Question

Help explain how to solve simultaneously the below equations:

10 = v cos theta + 5.638
4 = v sin theta - 2.05

I need to figure out angle theta and v?

Answer 1

I need to know what to solve for in the 1st equation? I know it seems easy, I'm confusing myself a bit too much.
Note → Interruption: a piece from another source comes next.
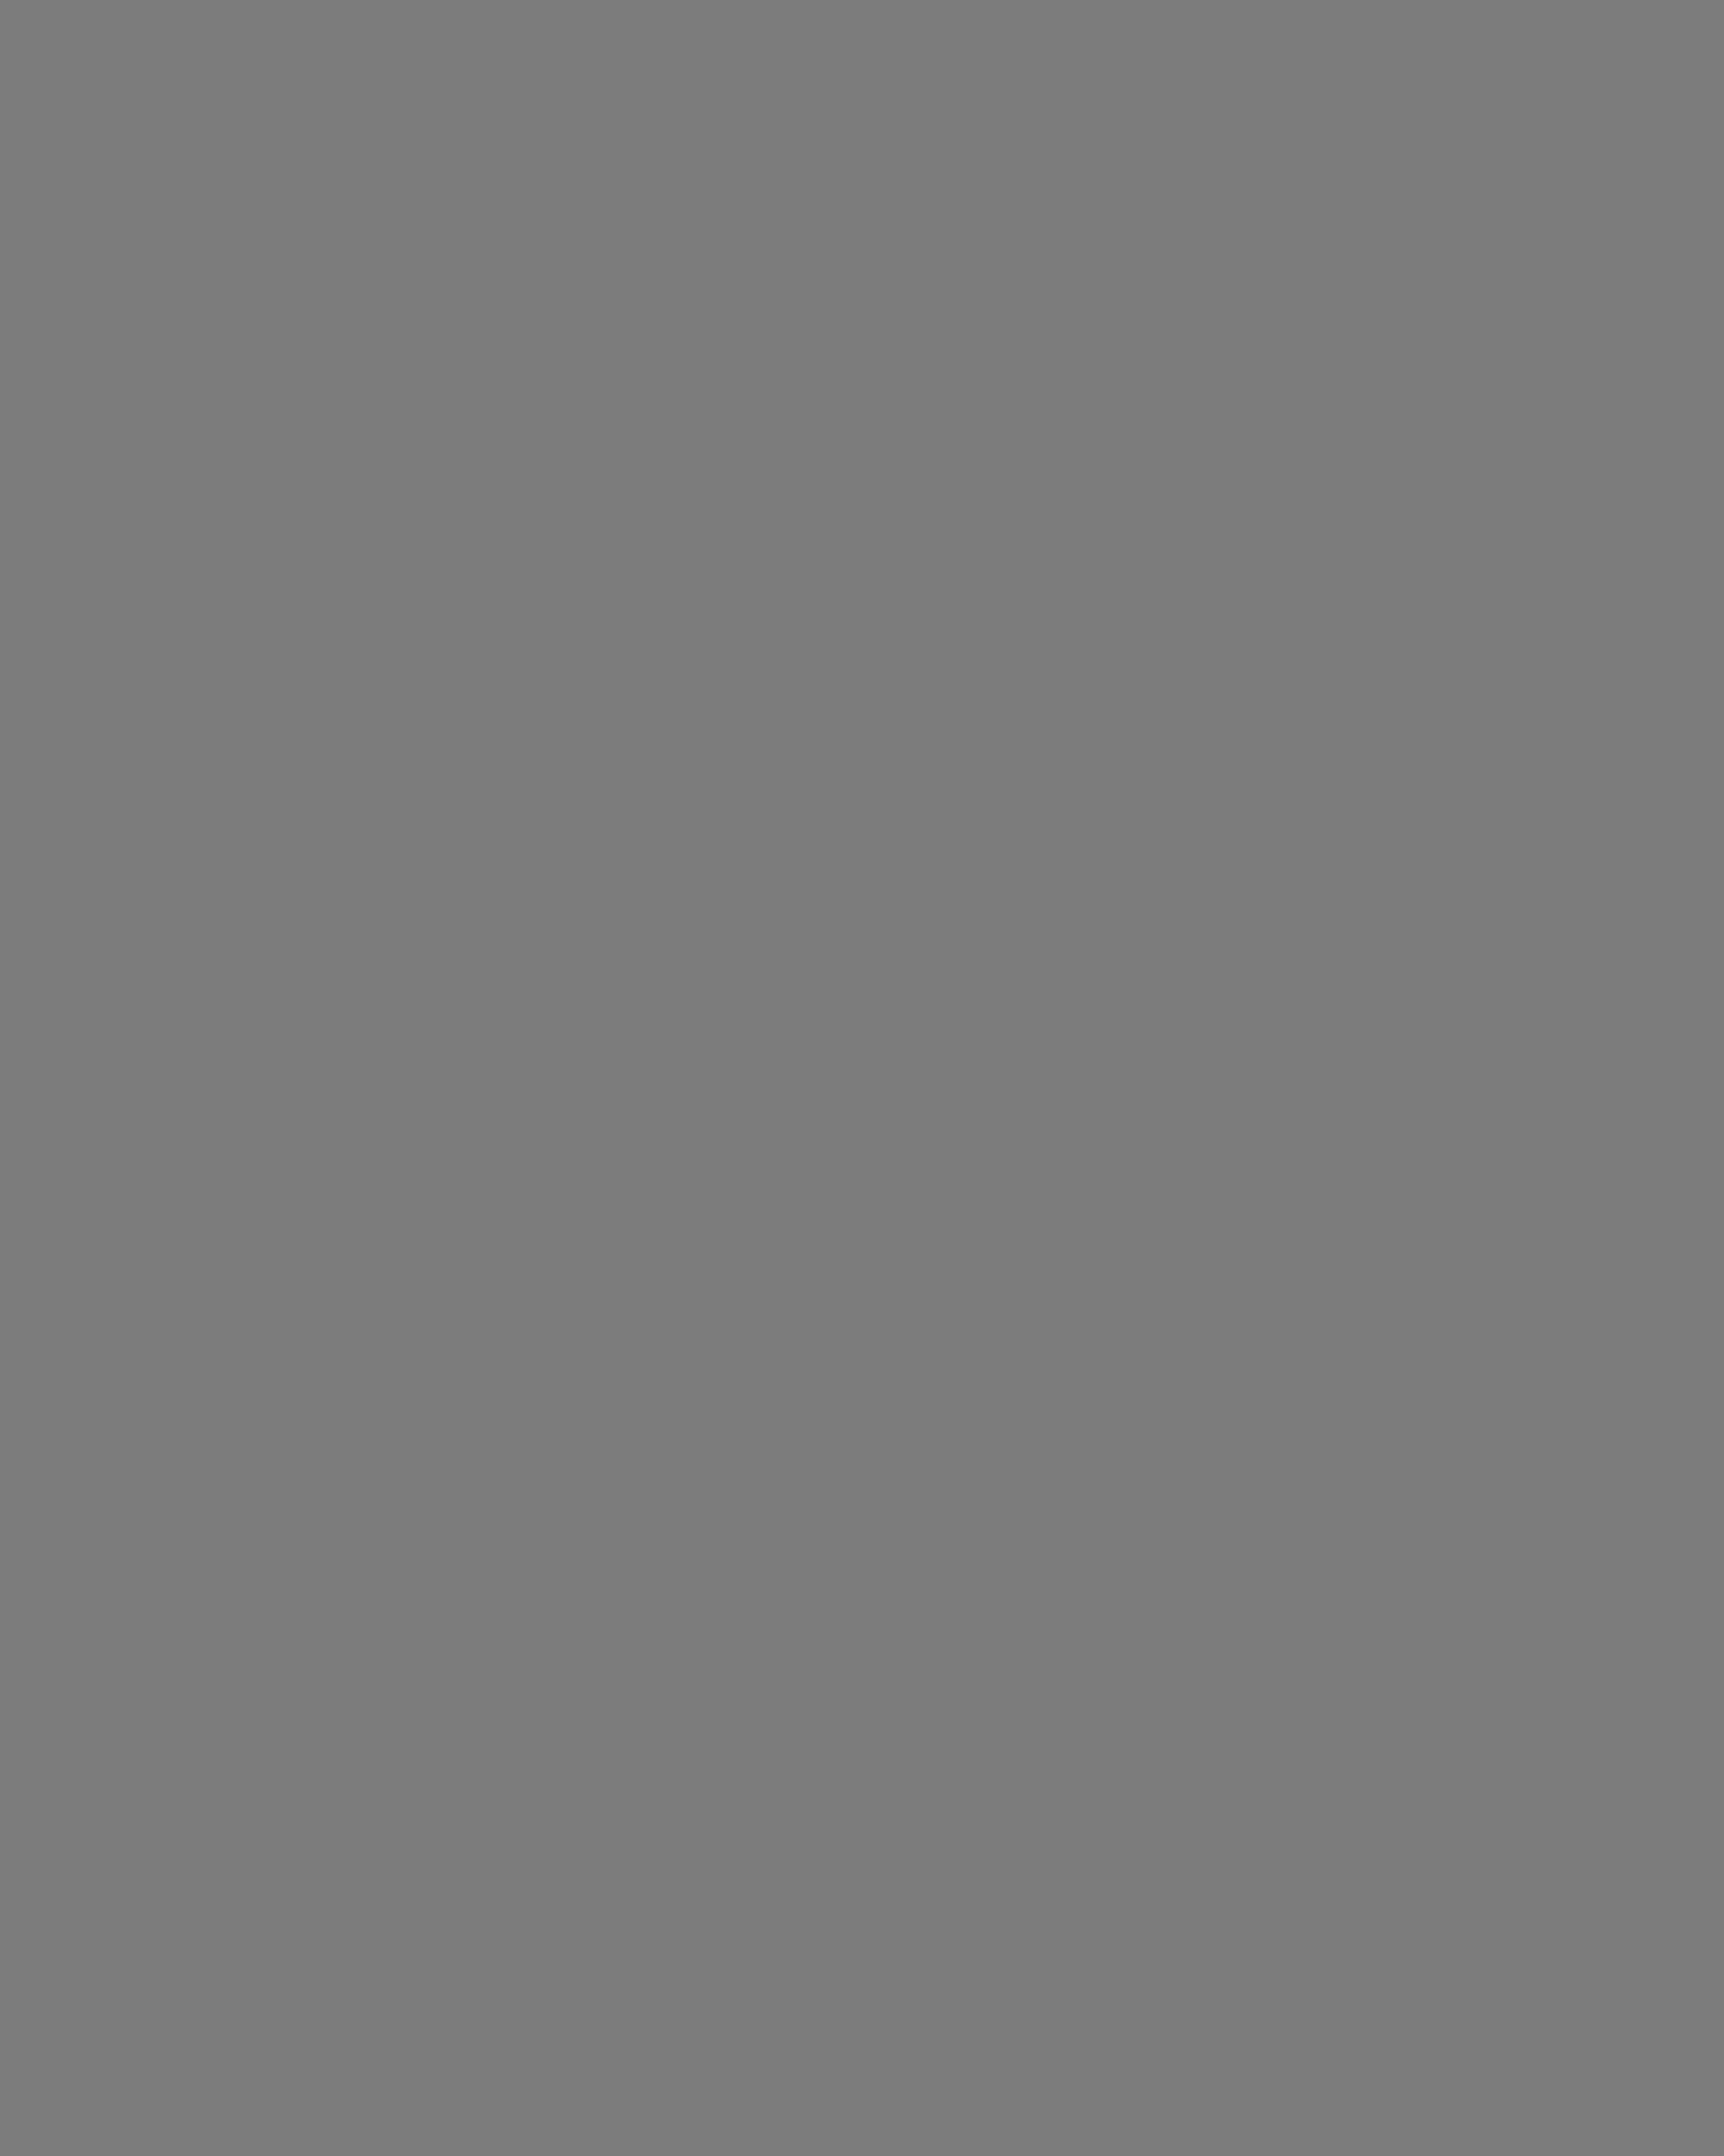 Муслим Магомаев. Баку, Азербайджанская ССР, 1964 год. Фотография: Евгений Кассин, Владимир Савостьянов / ТАСС
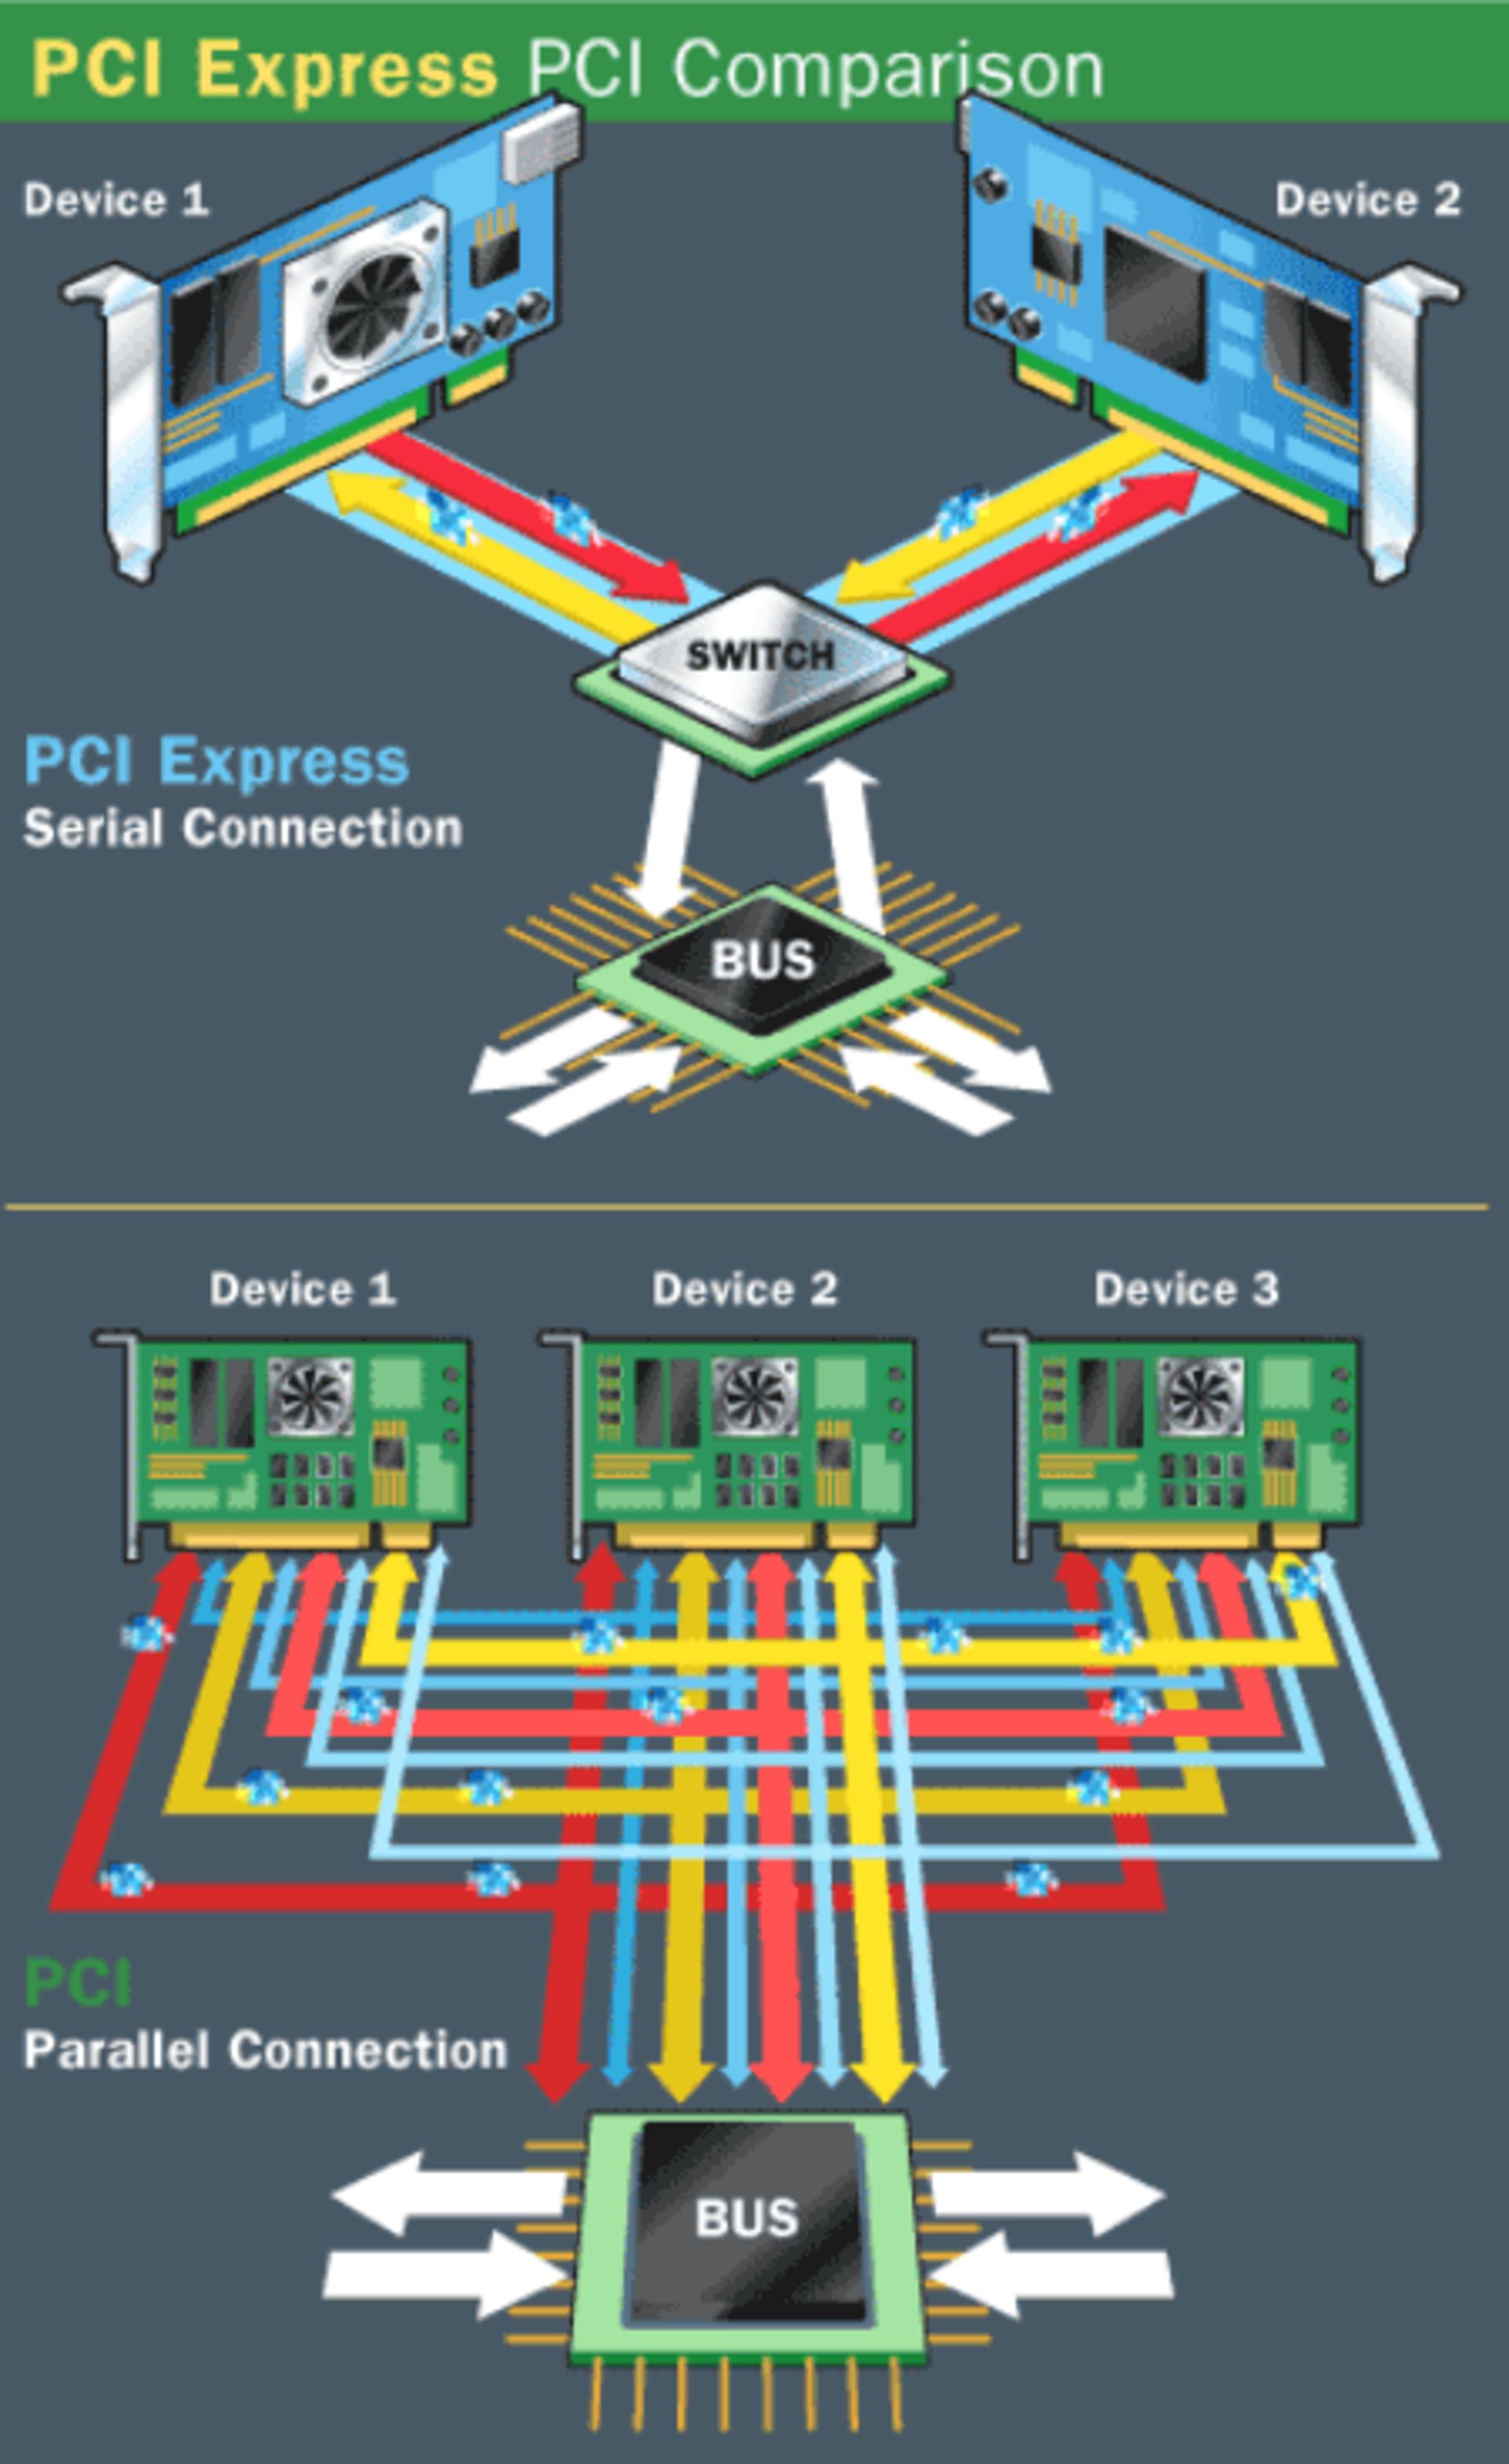 pci-express-comparison-6

Help!

Answer 2

First you seperate the vcos thete & vsin theta & take their squre.
After squaring add them to find v & the put the value of v in any equation you can get theta...

Answer 3

A fellow user helped me with this: v cos theta = 4.362 and v sin theta = 6.05

I divide (v sin theta/v cos theta) = (6.05/4.362)
v tan theta = 1.39
inverse tan of 1.39 = 54.21 degrees
I substituted that into 1st equations = v (cos 54.21) = 4.362
v = 7.46 m/s

Answer 4

\[10=v \cos \Theta+5.638\]
\[\rightarrow v \cos \Theta =10-5.638\]
\[\rightarrow v ^{2} \cos ^{2} \Theta=(4.362)^{2}\]
\[\rightarrow v ^{2} \cos ^{2} \theta=19.027..................1 no.\]

and then

\[4=v \sin \Theta-2.05\]
\[\rightarrow v ^{2} \sin ^{2} \Theta=(4+2.05)^{2}\]
\[\rightarrow v ^{2} \sin ^{2} \Theta=36.603..................2 no\]


then add 1no. and 2.no

\[v^{2}\sin^{2}\Theta+v^{2}\cos^{2}\theta=19.027+36.603\]
\[v^{2}=55.63\]
\[v=\sqrt{55.63}\]
\[v=7.459...(Answer)\]

Answer 5

@biswajit_paul where is sin2theta and cos2theta go when we added them?

Answer 6

is it a trig rule?

Answer 7

@Boushra It comes from euclidean geometry.
\[\sin^{2}\theta + \cos^{2}\theta=1\]

Answer 8

It is trigonometry

Answer 9

super! I will keep that in mind :) thank you so much!